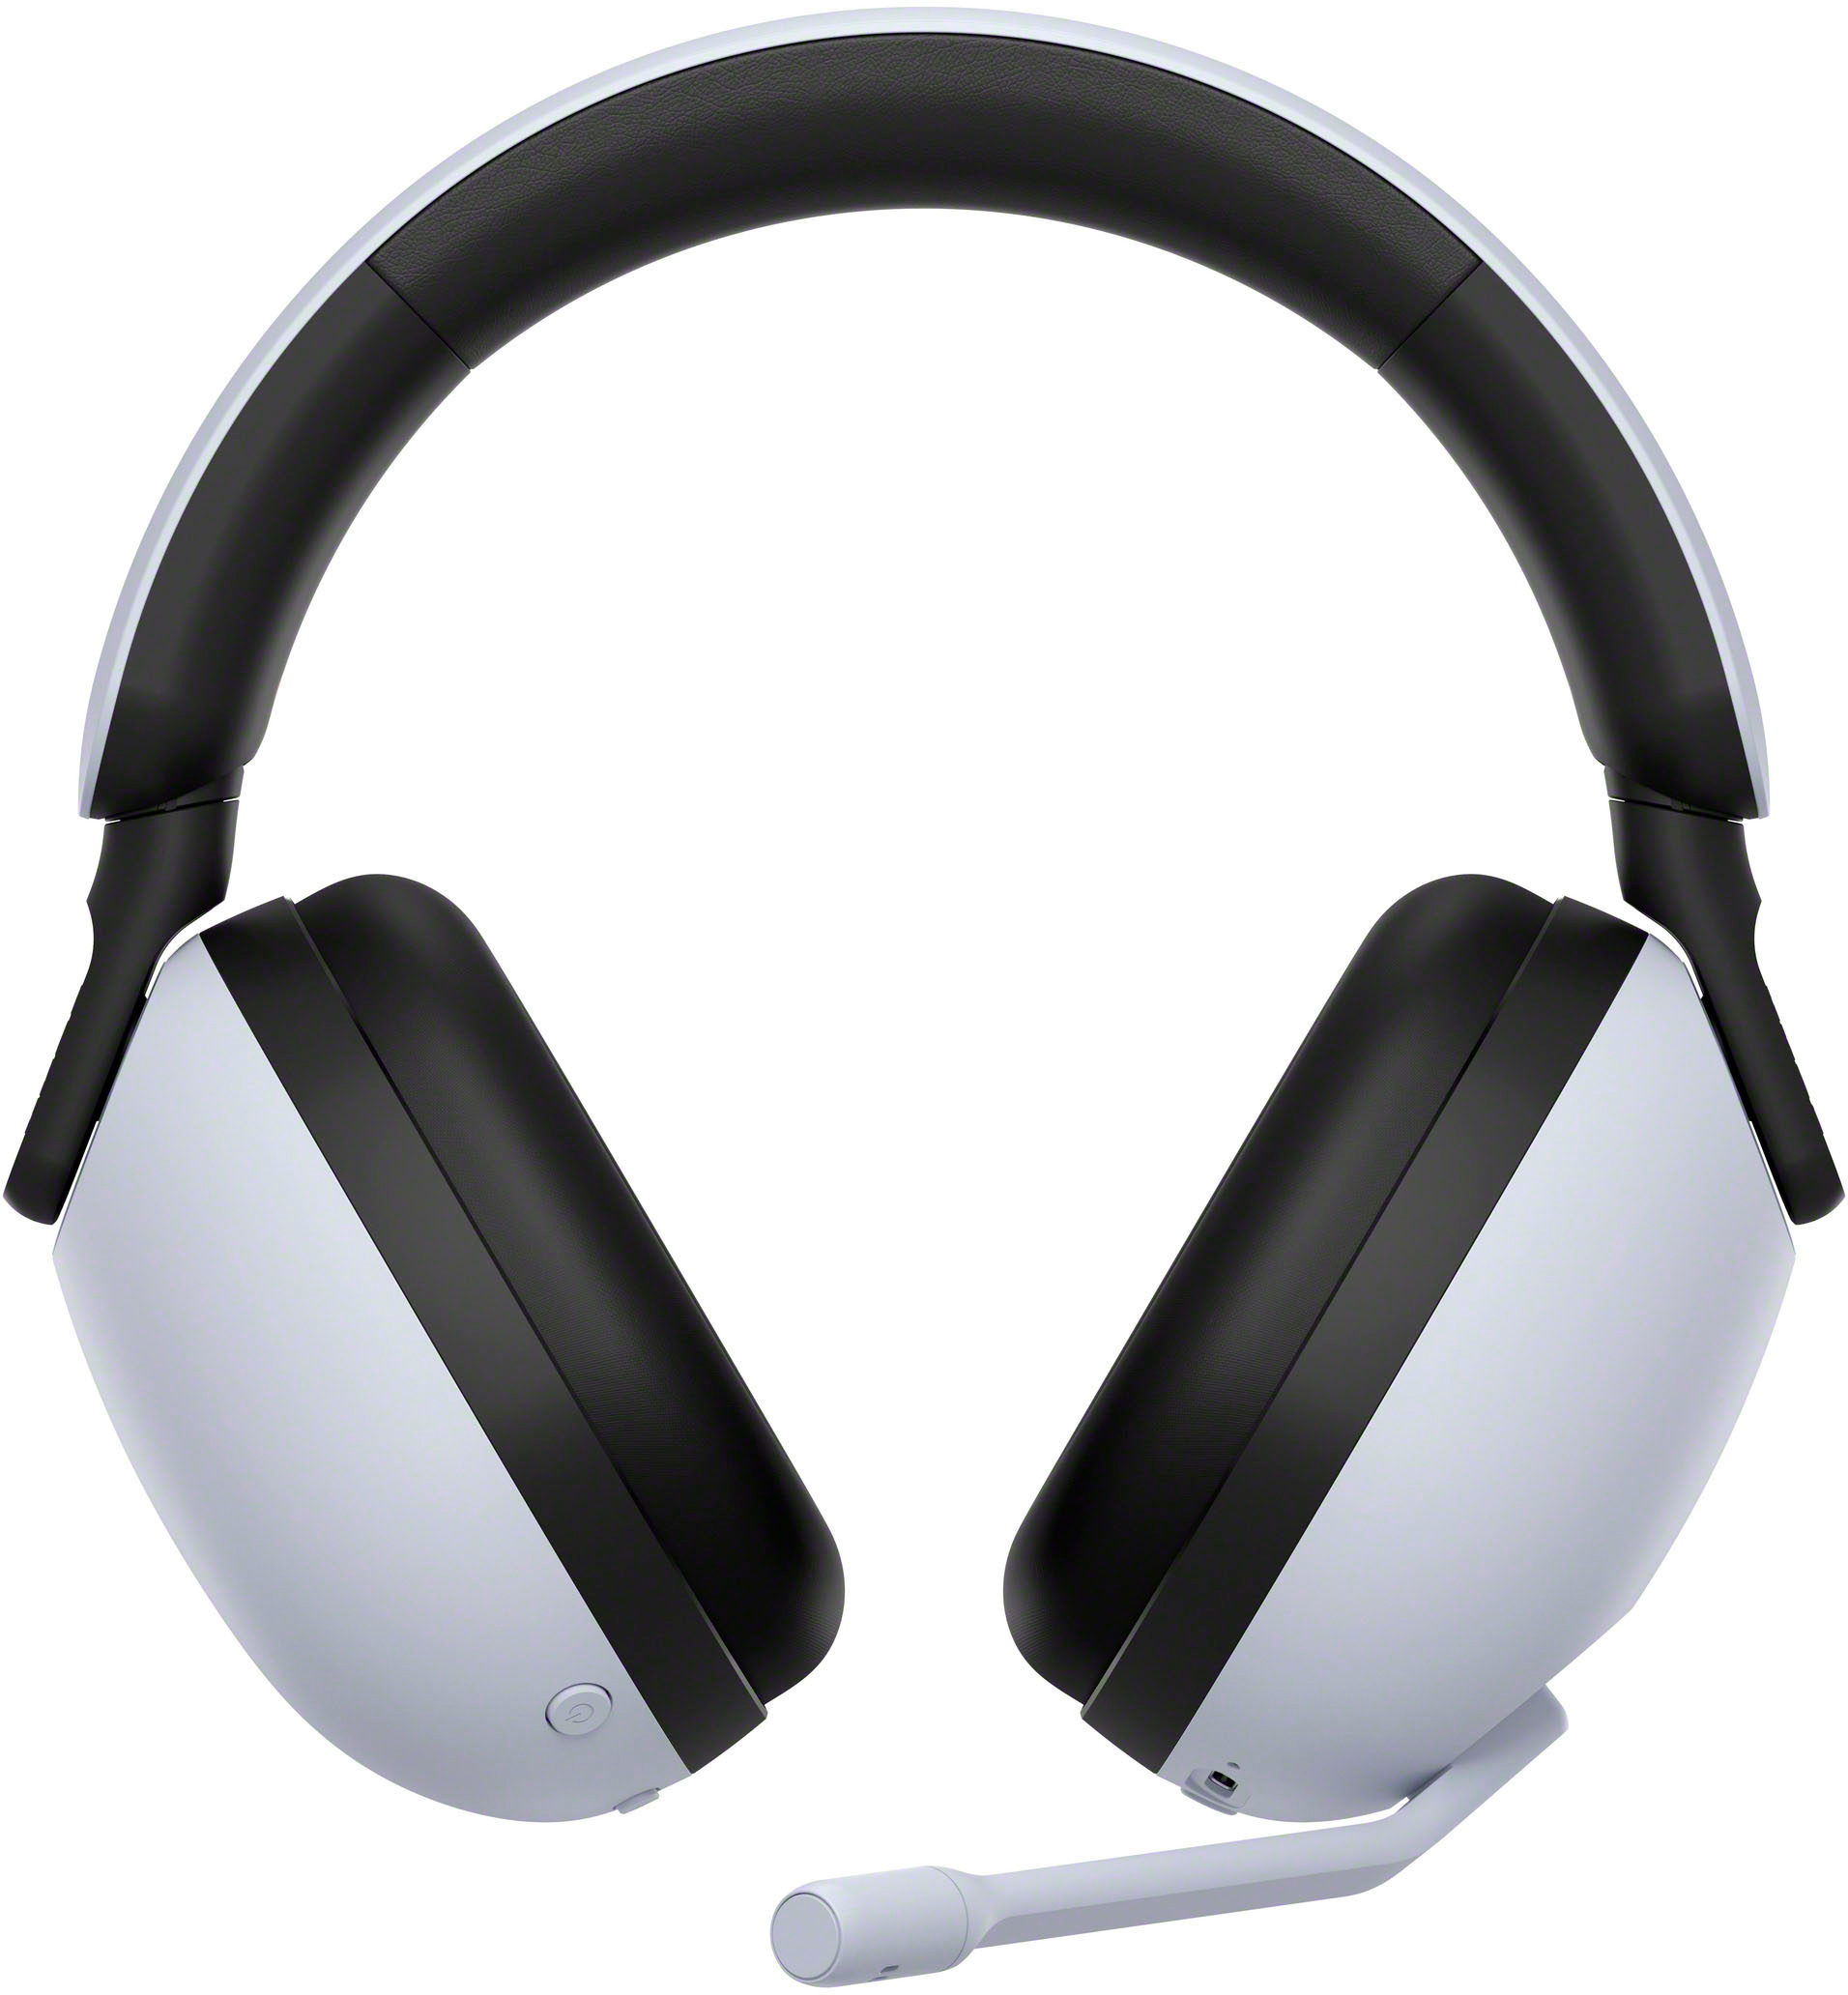 Maryanne Jones etikette donor Sony INZONE H9 Wireless Noise Canceling Gaming Headset White WHG900N/W -  Best Buy
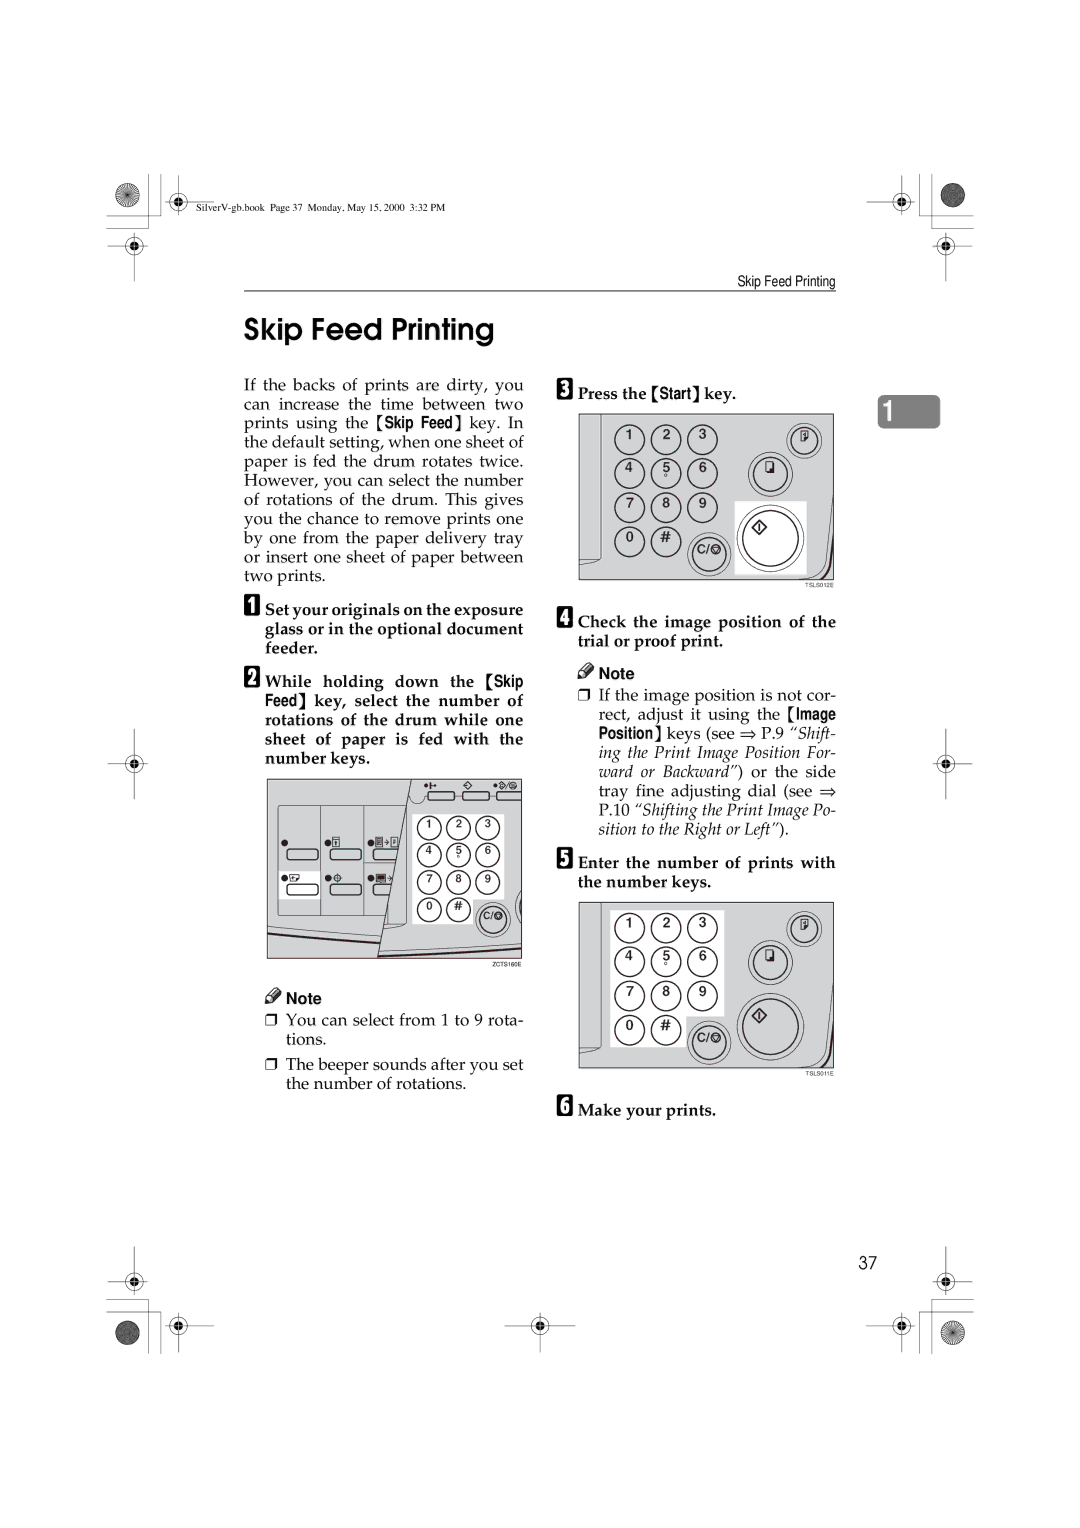 Ricoh JP1210/1250, Priport manual Skip Feed Printing 
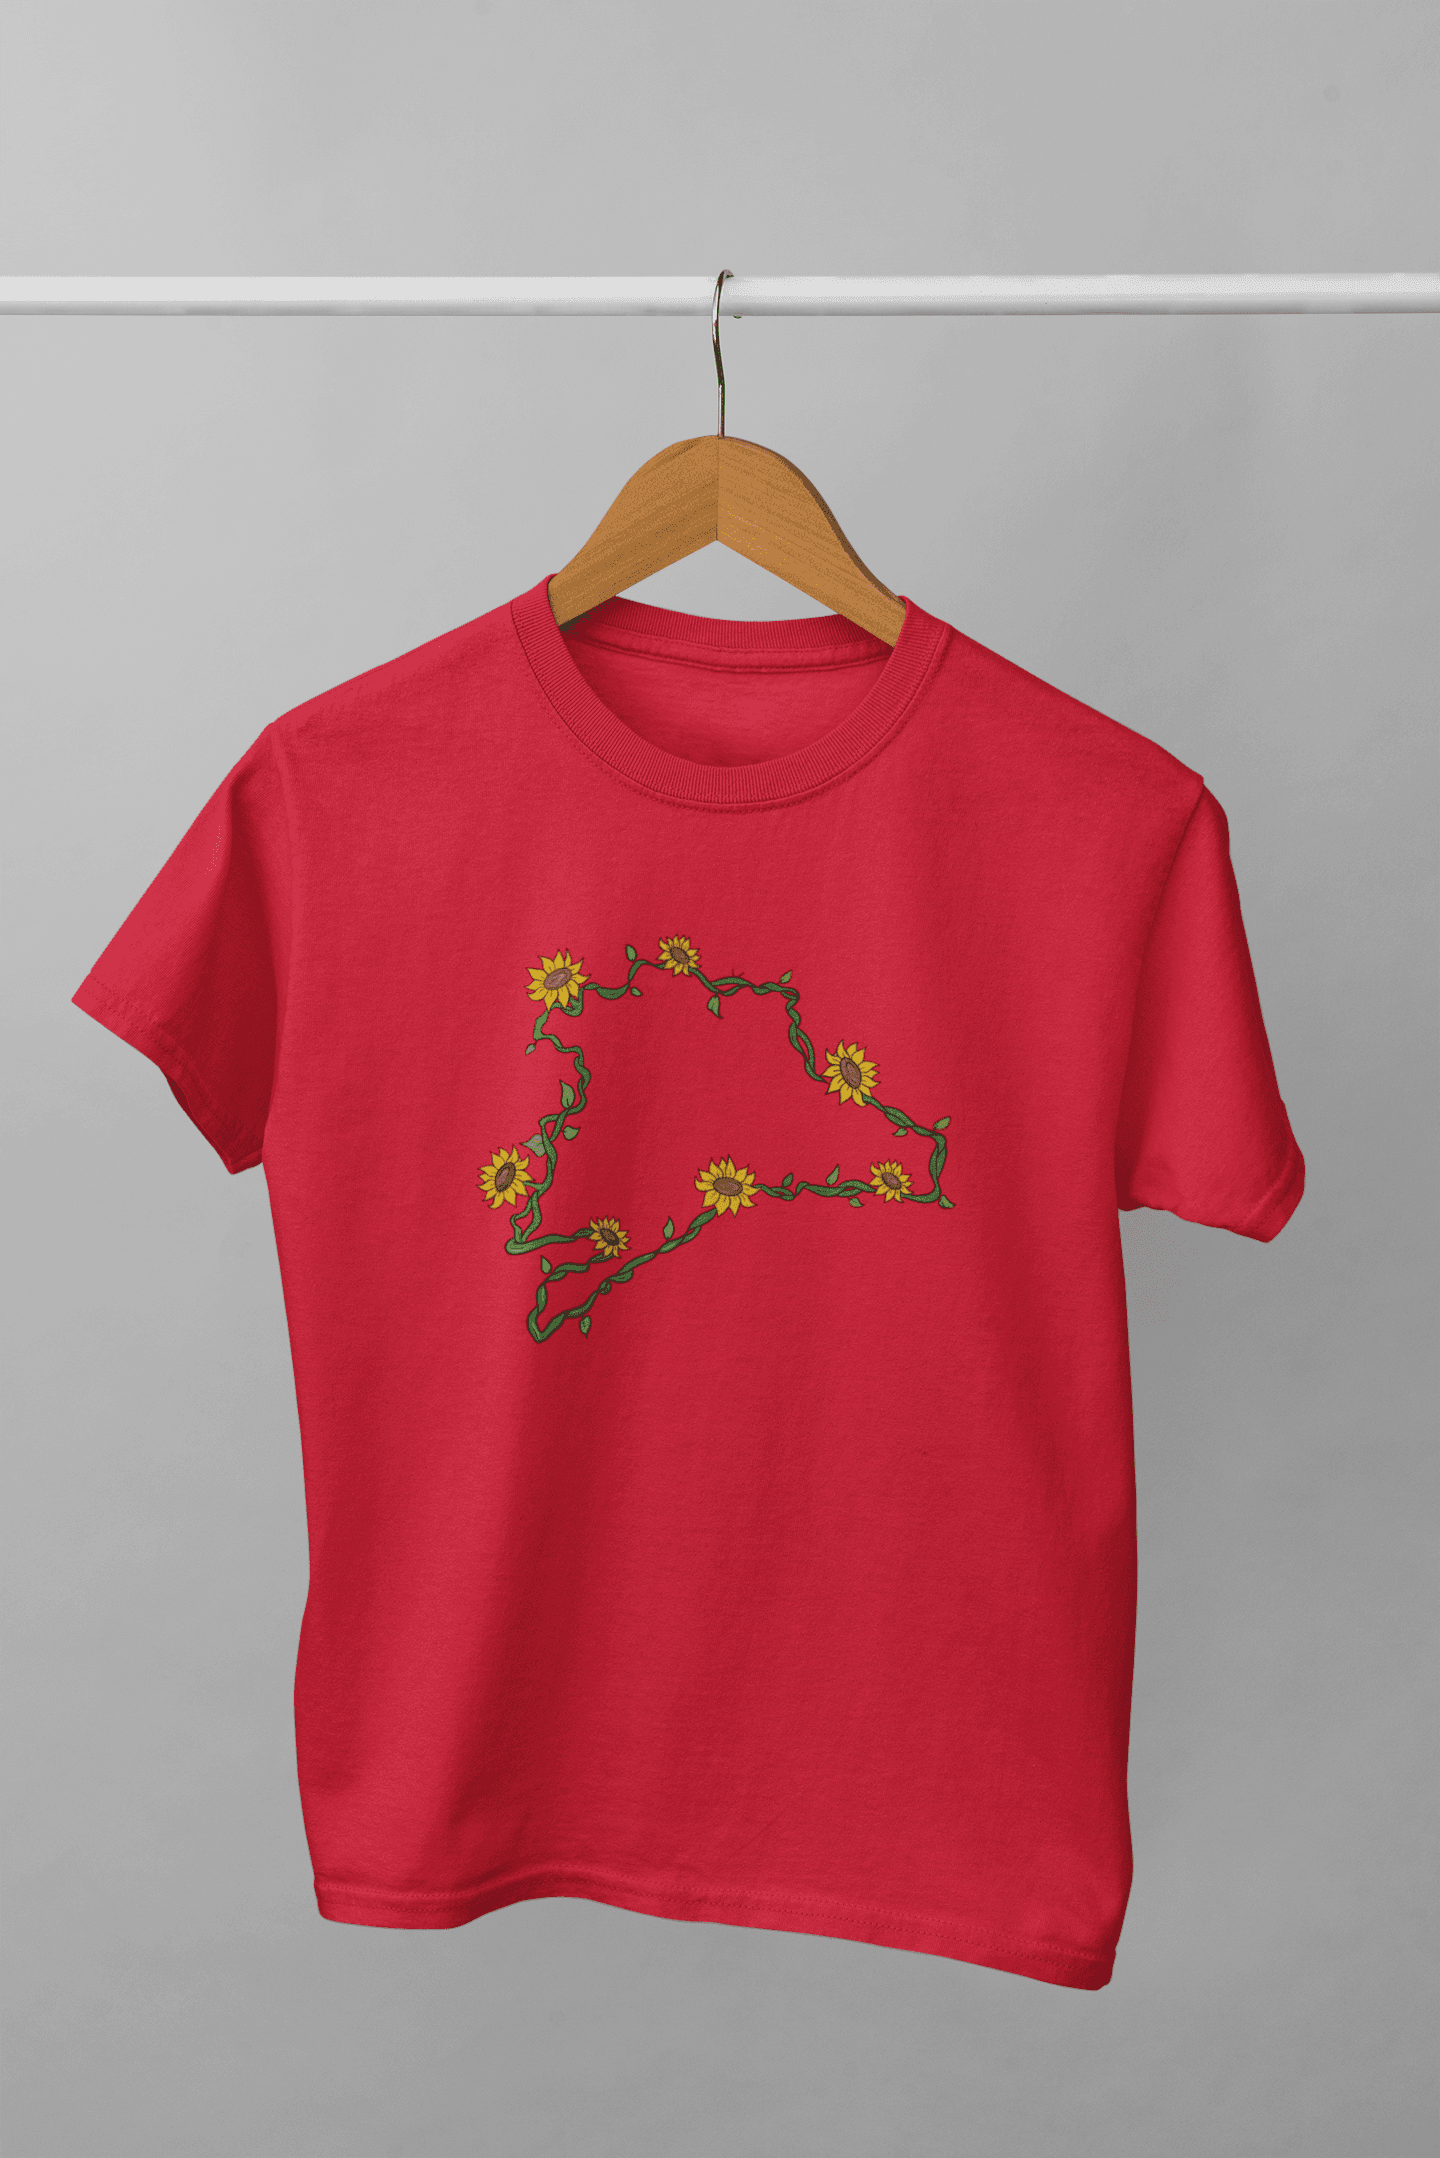 Gündendili Trakya (Çocuk Tişörtü)
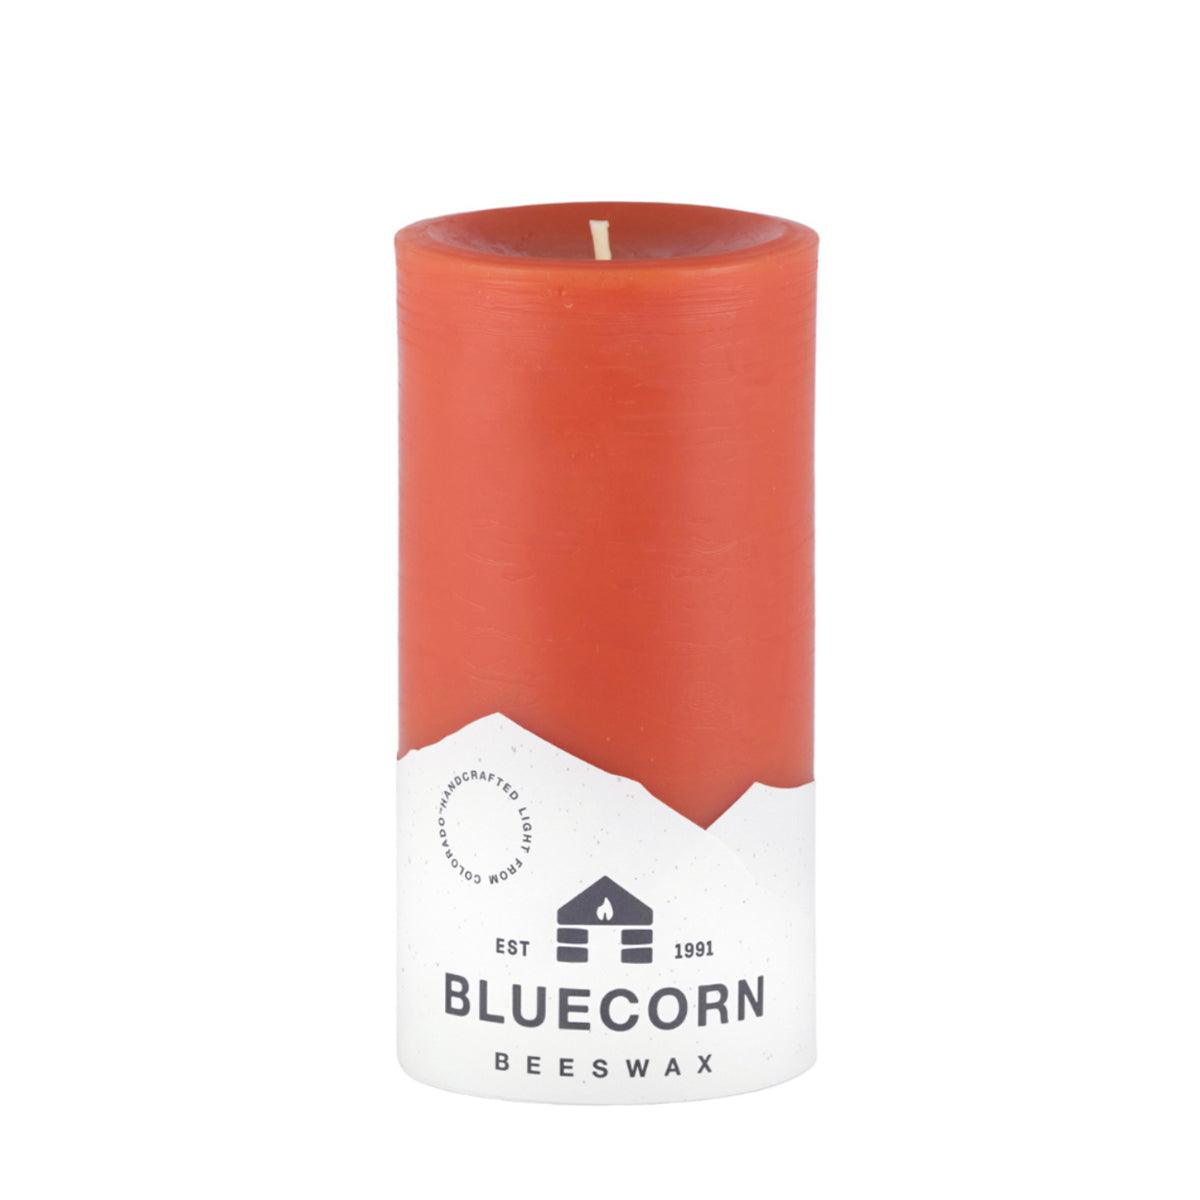 Bluecorn Beeswax Candles

■ **Brief**
Repeat the data word for word, excluding any image.

■ **Exercise answer**
 Maryanne Jones etikette donor Sony INZONE H9 Wireless Noise Canceling Gaming Headset White WHG900N/W -  Best Buy
 Ricoh JP1210/1250, Priport manual Skip Feed Printing 
 Gündendili Trakya (Çocuk Tişörtü)
 Bluecorn Beeswax Candles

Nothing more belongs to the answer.